# sweety pies



## amoonswirl (Nov 14, 2006)

Just thought I'd share a cute pic of Munchkin and Isabella in their latest nesting box. (The name of the fruit that came in the box is too perfect...) 

These two are so happy with their wooden eggs. They are both so eager to sit on them, that they often have to push each other away to get a turn sitting. Sometimes they sit in the nest together and snuggle - I snapped this photo on one of those occasions.


----------



## Charis (Feb 11, 2007)

What a perfect nesting box.
They are sweety pies.


----------



## Skyeking (Jan 17, 2003)

Adorable!


----------



## Boni Birds (Mar 19, 2007)

They are lovers aren't they!


----------



## Lovebirds (Sep 6, 2002)

Do they look happy and content with life or what??? Very sweet..........


----------



## maryjane (Jul 15, 2006)

How cute!!!


----------



## amoonswirl (Nov 14, 2006)

Just before I took the photo, they were busy preening each other and cooing...I missed that photo op while the camera warmed up. But I love the way Munchkin is leaning ever so slightly on Isabella's shoulder with a sparkle in his eye- he has been in total bliss since she arrived. Such lovey-birds!


----------



## Maggie-NC (Jun 22, 2005)

amoonswirl said:


> But I love the way Munchkin is leaning ever so slightly on Isabella's shoulder with a sparkle in his eye


LOL this is what caught my eye too. It is so sweet. What a contrast in coloring with these two. They are gorgeous. Thank you for the pictures.


----------



## pigeon kid (May 19, 2007)

lol there so cute and are they fantails? so cute pushing each other lol funny


----------



## amoonswirl (Nov 14, 2006)

pigeon kid said:


> lol there so cute and are they fantails? so cute pushing each other lol funny


They just can't seem to get enough egg-time - they love it! 

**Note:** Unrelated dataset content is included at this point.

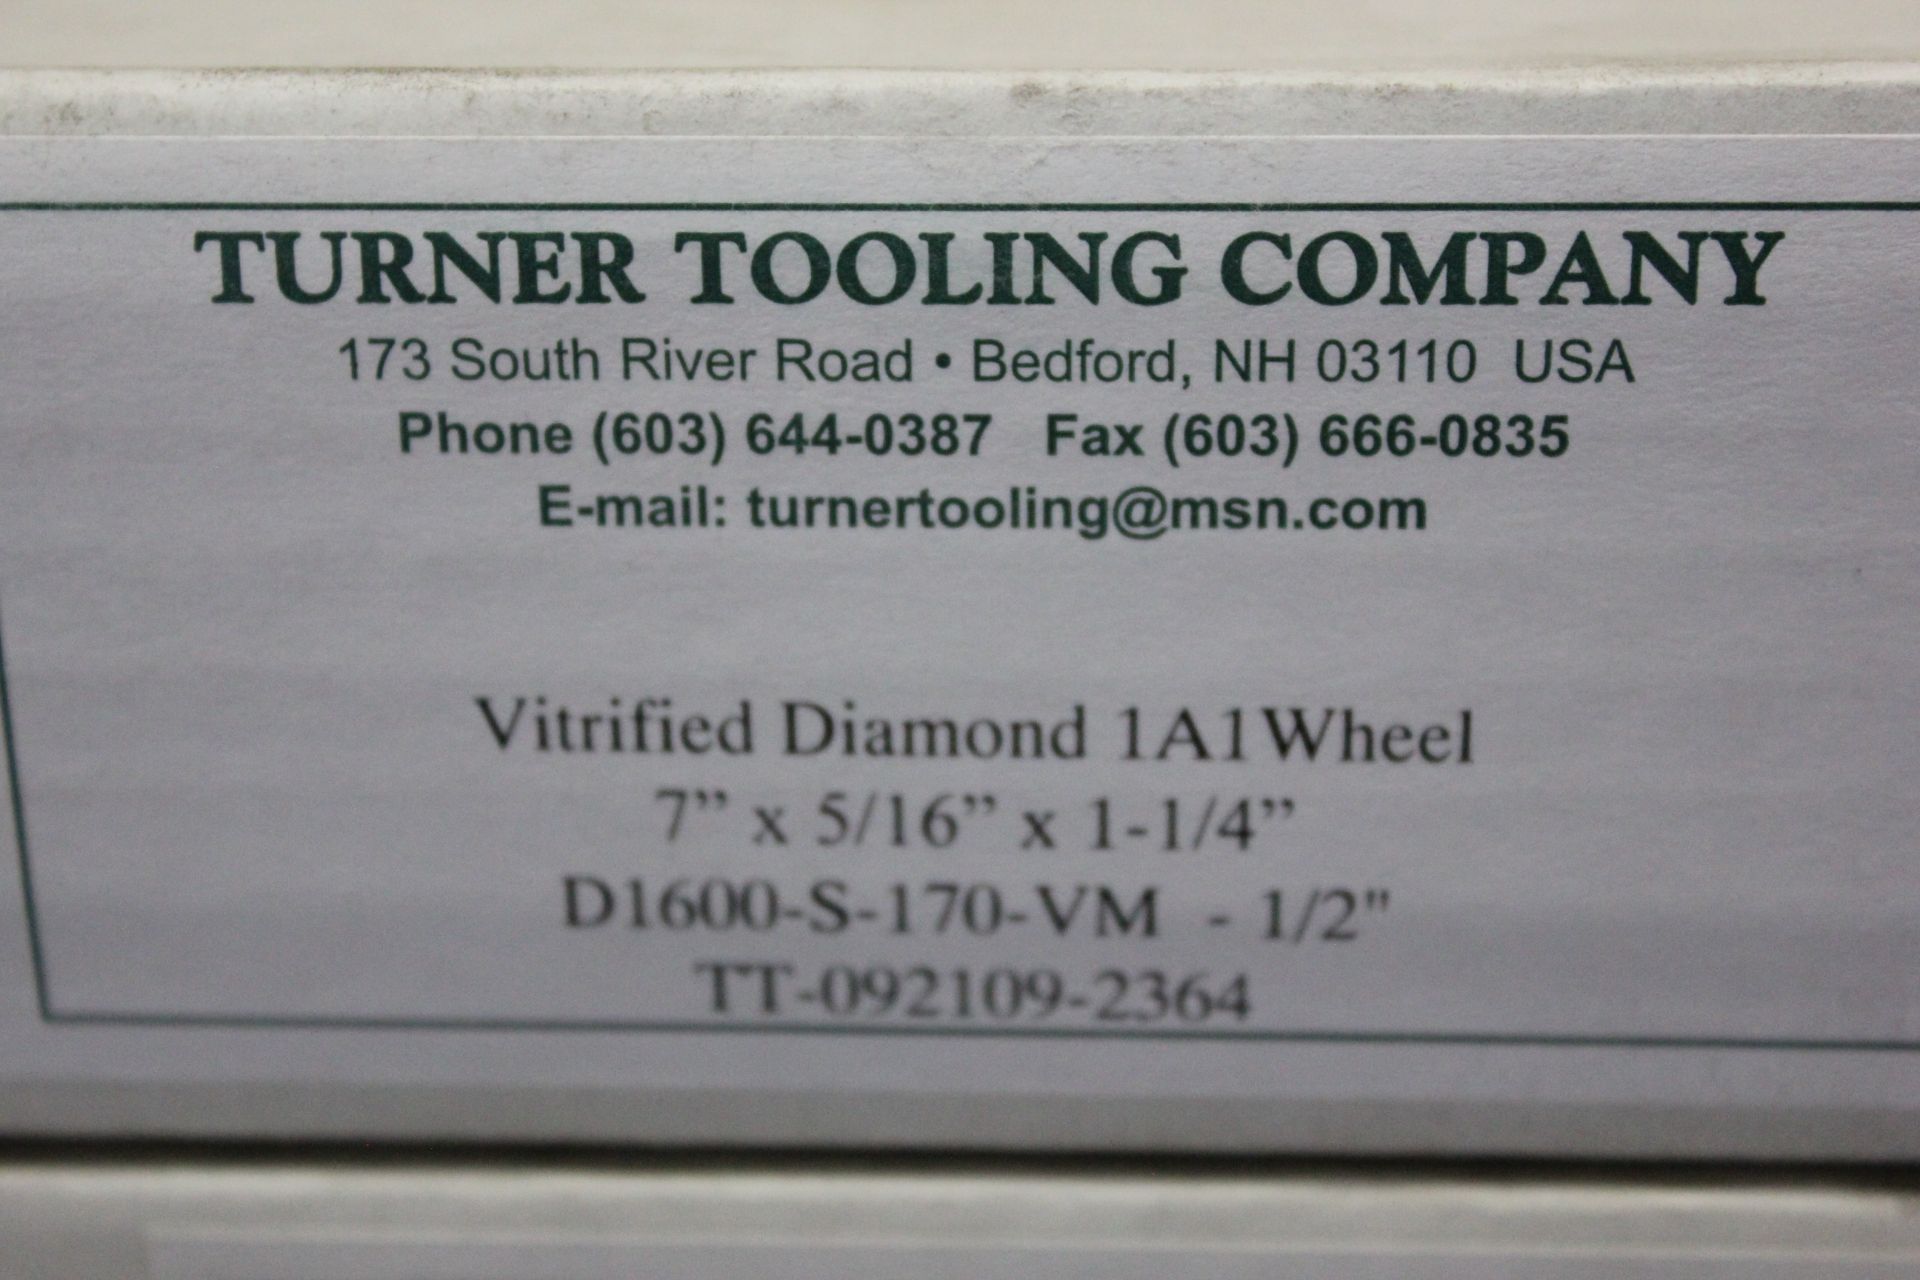 LOT OF 5 NEW TURNER TOOLING VITRIFIED DIAMOND 1A1 GRINDING WHEELS - Image 4 of 7
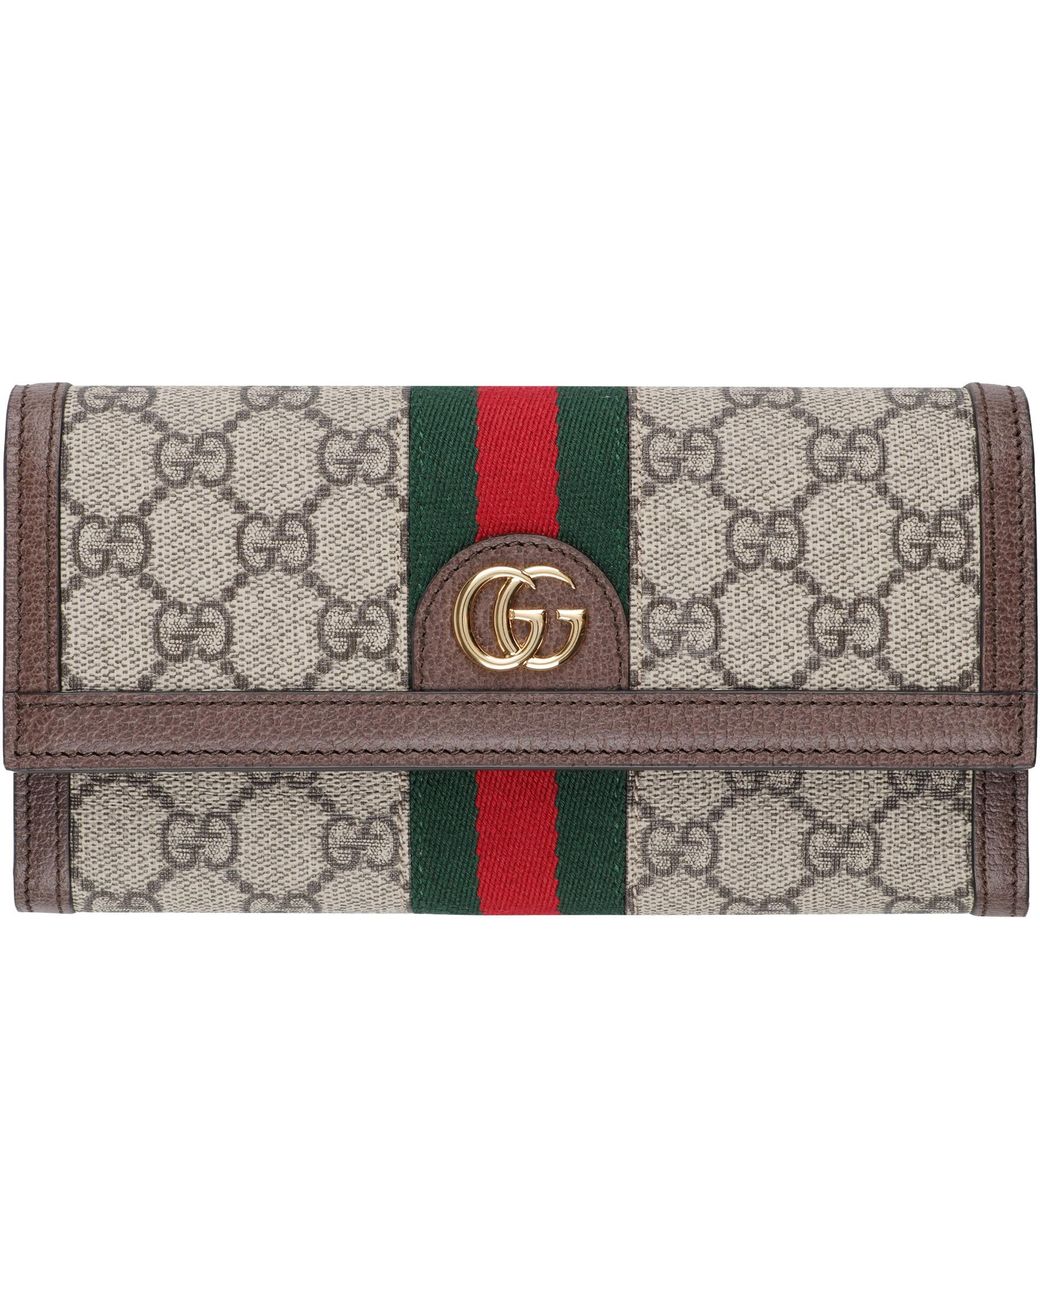 Gucci Canvas Ophidia gg Continental Wallet in Brown/Beige (Brown

They're both fantails, but Munchkin's tail is bigger than Isabella's. I hope hers will fill out too, but she is still young. (even if it doesn't - she is a very pretty bird)


Glad people are enjoying the photo


----------



## Reti (Jul 20, 2003)

What an adorable pair of cuties. Lovely pic.
Thanks for sharing.

Reti


----------



## michbird (Jul 5, 2007)

They're BEAUTIFUL birds! You must be one proud mommy


----------



## TAWhatley (Mar 6, 2001)

They are just gorgeous and so very precious together! Thank you for sharing that beautiful picture!

Terry


----------



## Pigeon lower (Oct 23, 2007)

i think they are indian fantails


----------



## pdpbison (Mar 15, 2005)

This is so cool...

Sweetie Pies indeed...!


Phil
Las Vegas


----------



## mr squeaks (Apr 14, 2005)

GREAT PICTURE, Karen!!

Definitely a couple! 

Squeaks and I wish them our VERY BEST and send LOVE, HUGS and SCRITCHES!

Squeaks also says to mention that he can relate...he, too, is happily sitting on HIS egg, but alas...alone... 

Love the box name...sure "fits" - in more ways than one!  

Shi and Squeaks


----------